Plasma environment effects on K lines of astrophysical interest. IV. IPs, K thresholds, radiative rates, and Auger widths in Fe II–Fe VIII
Aims. Within the framework of compact-object accretion disks, we calculate plasma environment effects on the atomic structure and decay parameters used in the modeling of K lines in lowly charged iron ions, namely Fe II–Fe VIII. Methods. For this study, we used the fully relativistic multiconfiguration Dirac–Fock method approximating the plasma electron–nucleus and electron-electron screenings with a time-averaged Debye-Hückel potential. Results. We report modified ionization potentials, K-threshold energies, wavelengths, radiative emission rates, and Auger widths for plasmas characterized by electron temperatures and densities in the ranges 10⁵ − 10⁷ K and 10¹⁸ − 10²² cm⁻³. In addition, we propose two universal fitting formulae to predict the IP and K-threshold lowerings in any elemental ion. Conclusions. We conclude that the high-resolution X-ray spectrometers onboard the future XRISM and ATHENA space missions will be able to detect the lowering of the K edges of these Fe ions due to the extreme plasma conditions occurring in the accretion disks around compact objects.

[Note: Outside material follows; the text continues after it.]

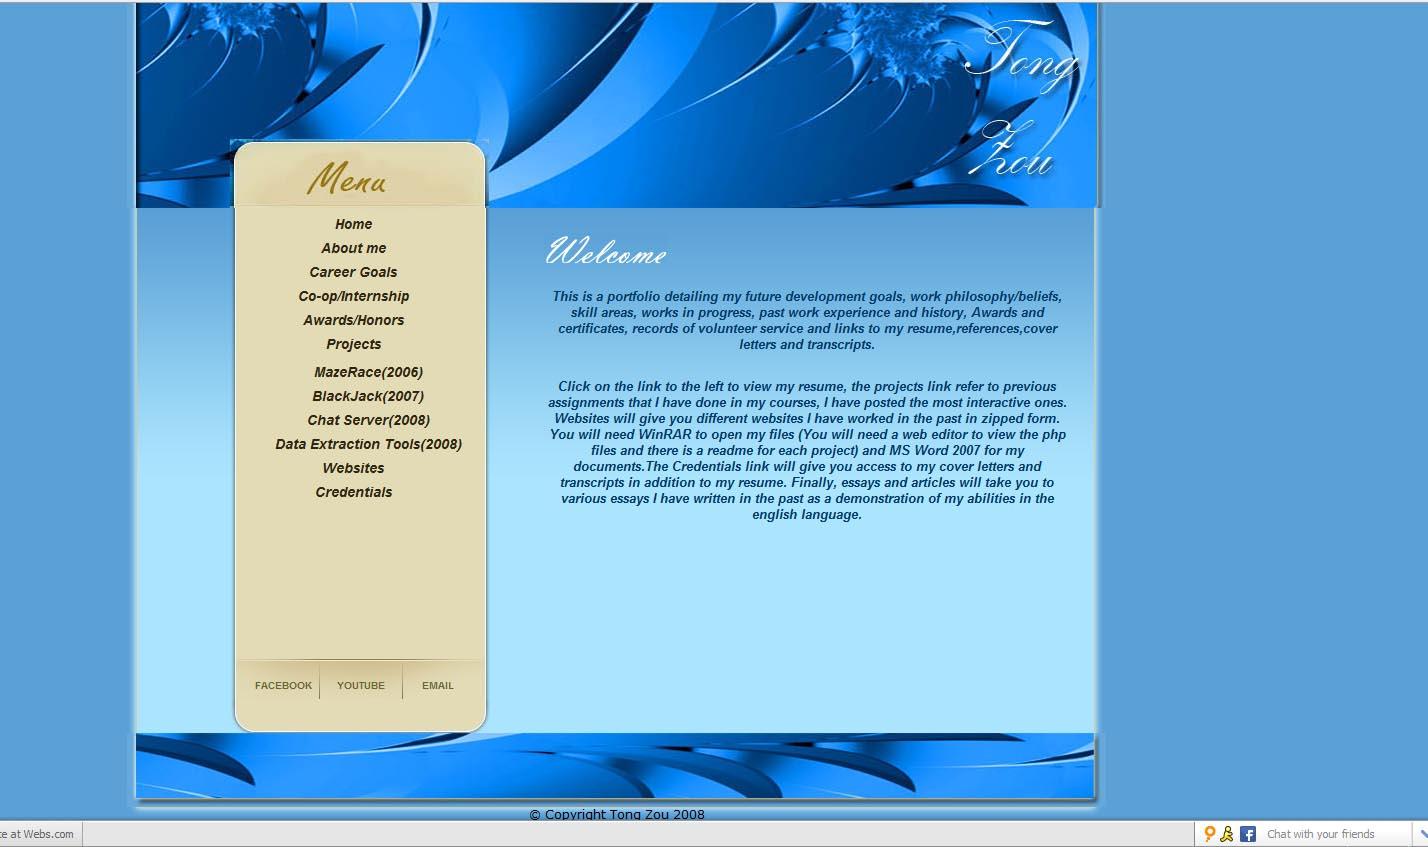 Previous portfolio site (2008-2009)

Additional Information© 2020 ESO. Article published by EDP Sciences. Received 15 June 2020; Accepted 15 September 2020; Published online 03 November 2020. JD is Research Fellow of the Belgian Fund for Research Training in Industry and Agriculture (FRIA) while P.P. and P.Q. are, respectively, Research Associate and Research Director of the Belgian Fund for Scientific Research (F.R.S.-FNRS). Financial supports from these organizations, as well as from the NASA Astrophysics Research and Analysis Program (grant 80NSSC17K0345) are gratefully acknowledged. J.A.G. acknowledges support from the Alexander von Humboldt Foundation.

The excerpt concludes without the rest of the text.